# WORK TO COMPLETE:
After finding "Miami Marlins hire" in the data, write out its line and all following lines without change, up to and including the last one. Leave out pictures.

# GIVEN DATA:
○ ○ ○ ○ ○ ○ ○

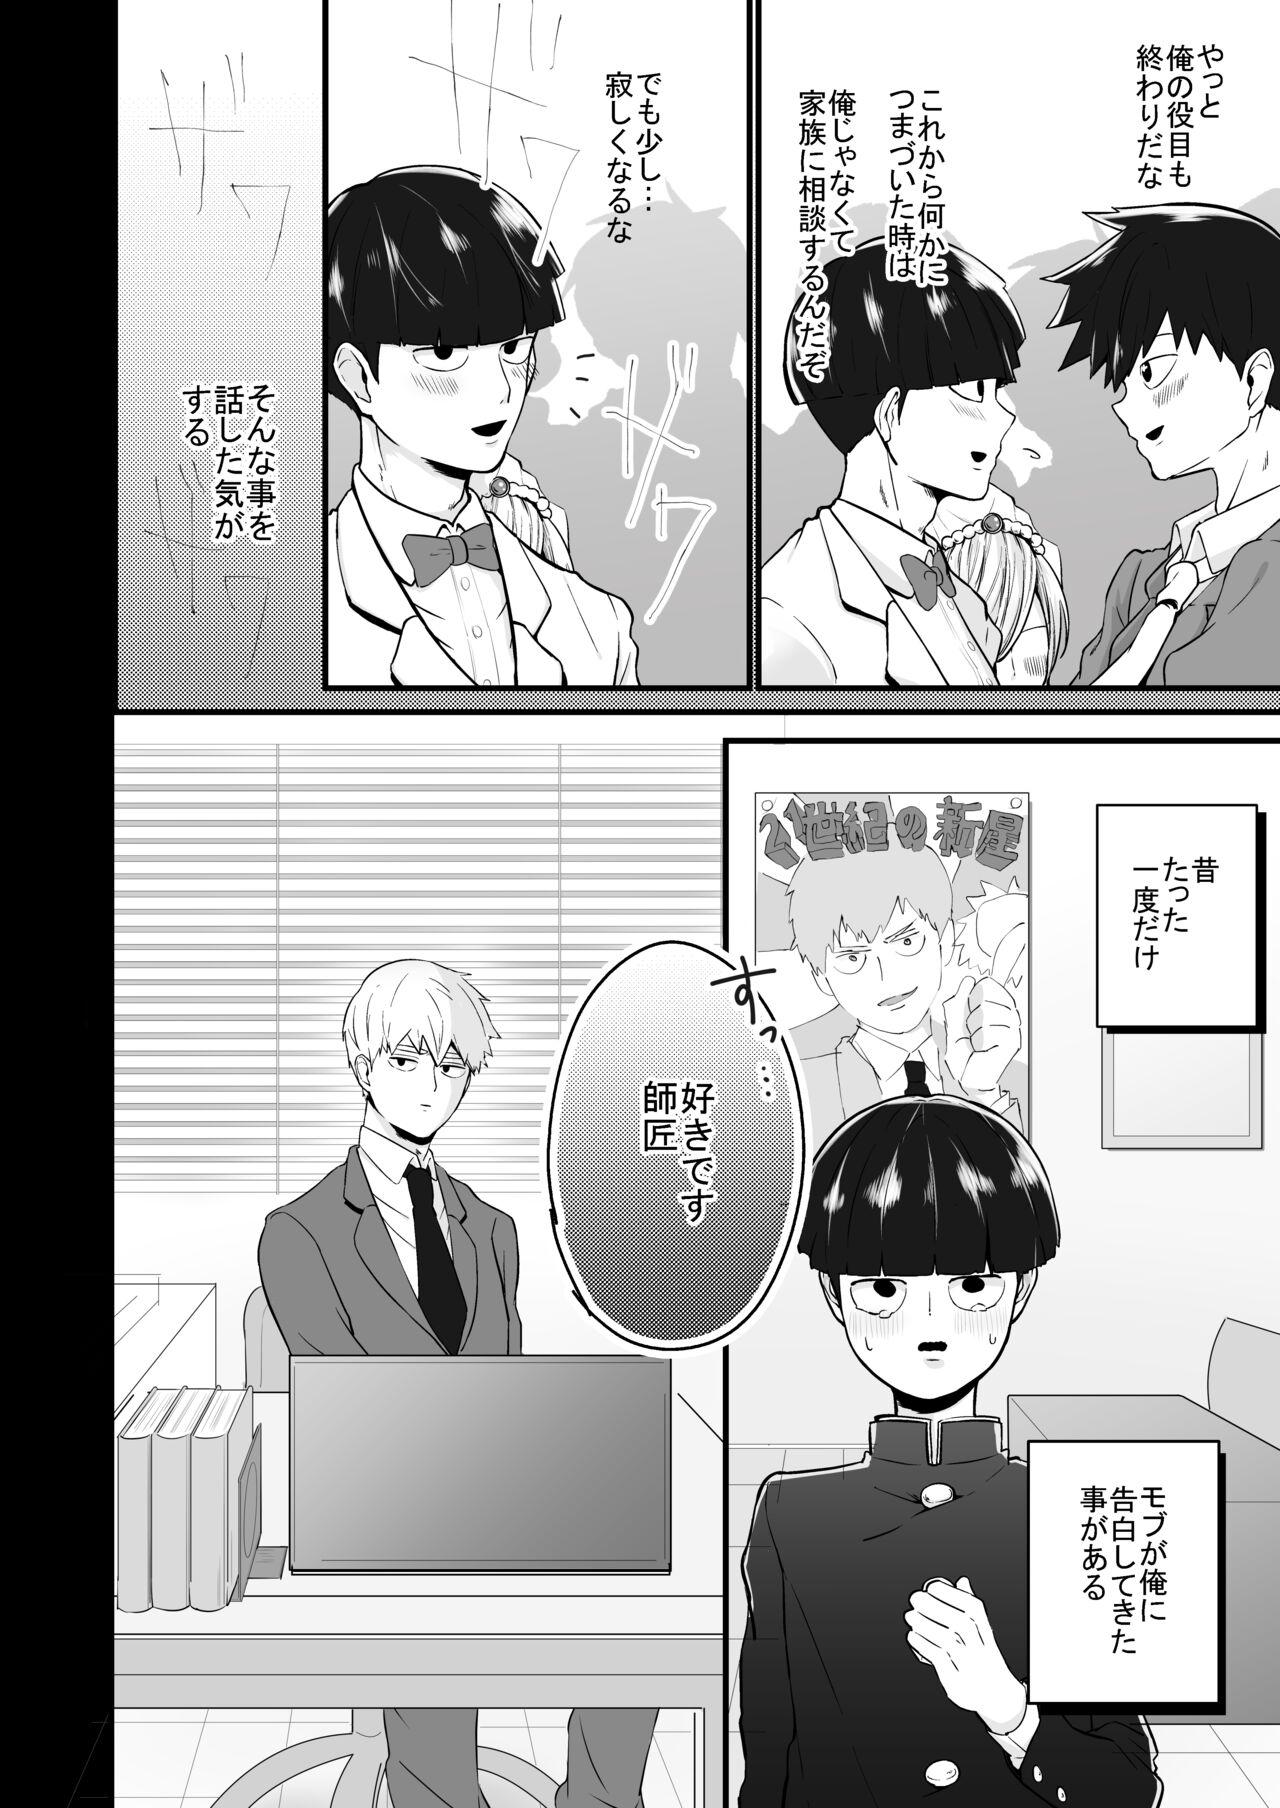 Submissive Dearest love - Mob psycho 100 Peru - Page 6
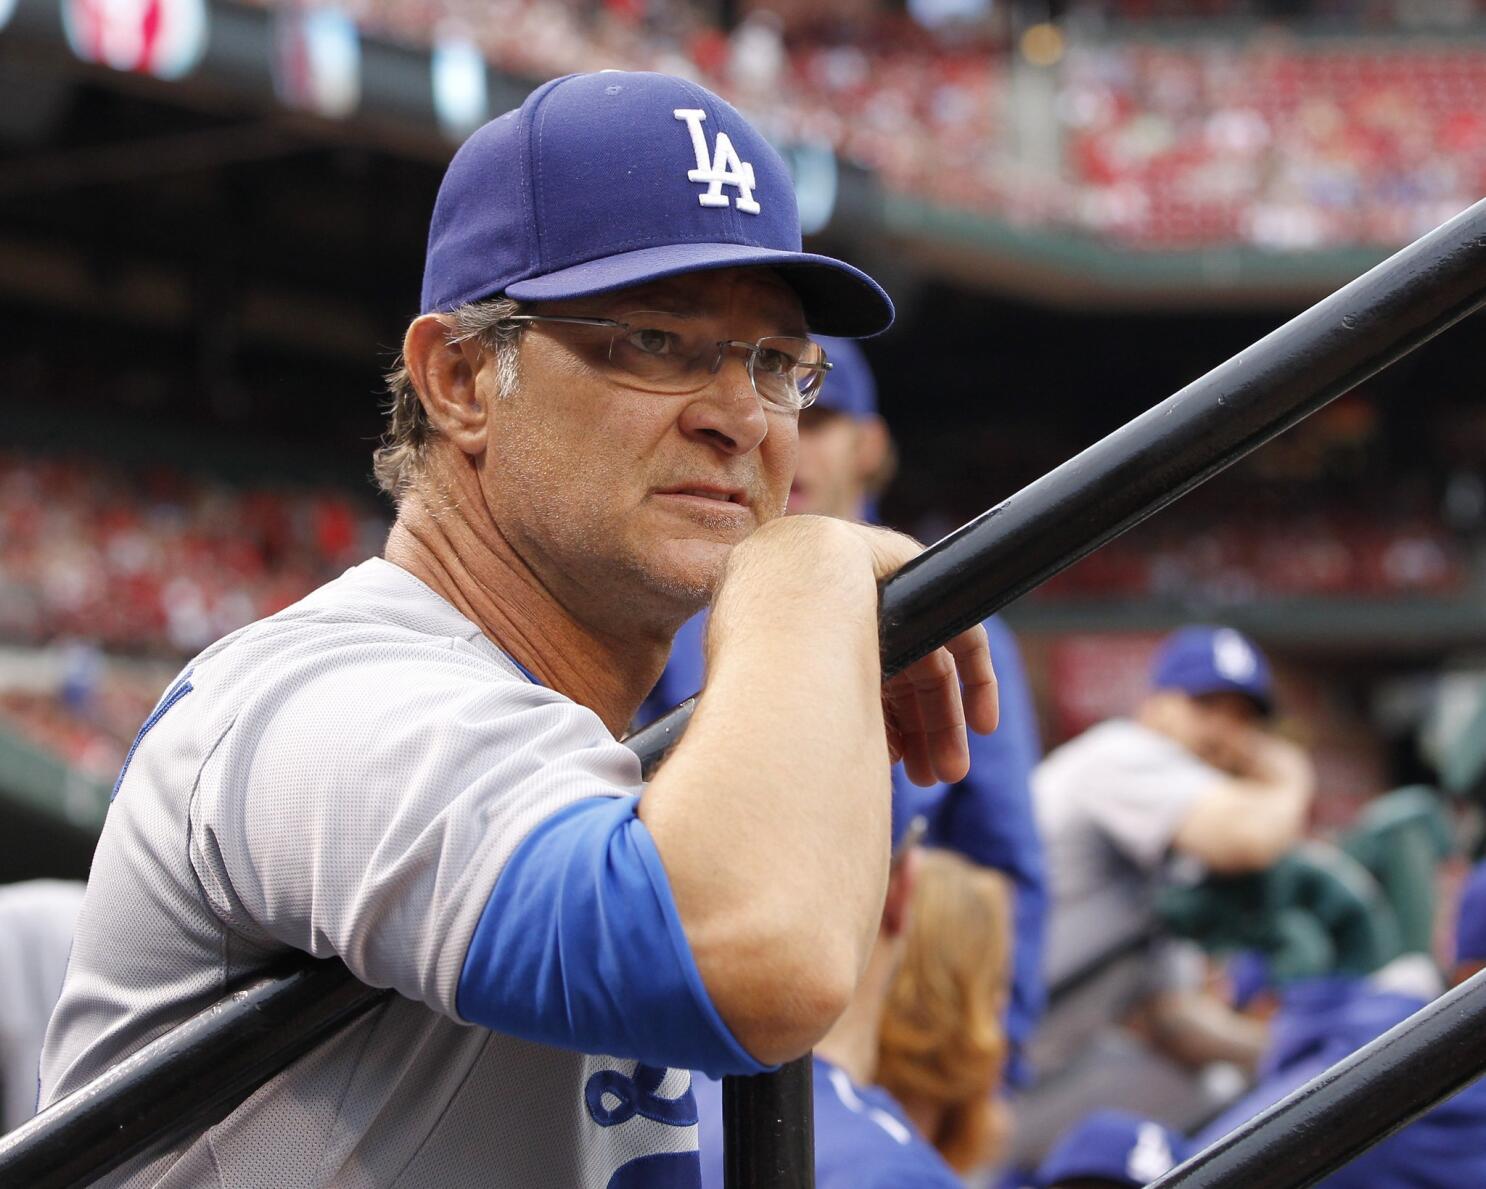 Miami Marlins hire Don Mattingly as manager - ESPN
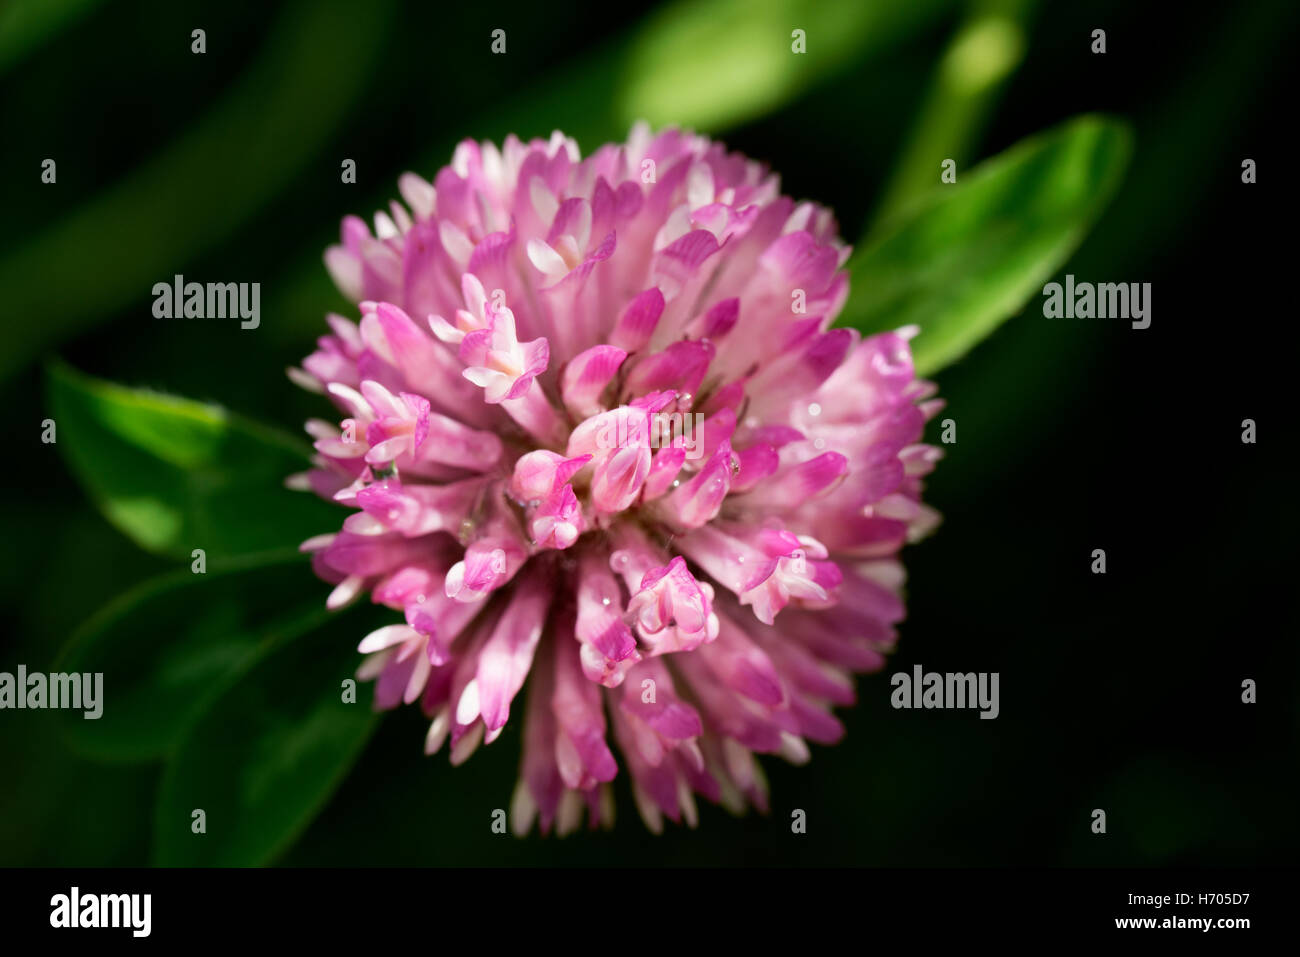 Colorful flowers and clarity Stock Photo

○ ○ ○ ○ ○ ○ ○

# SOLUTION TO THIS EXERCISE:
 Miami Marlins hire Don Mattingly as manager - ESPN
 Colorful flowers and clarity Stock Photo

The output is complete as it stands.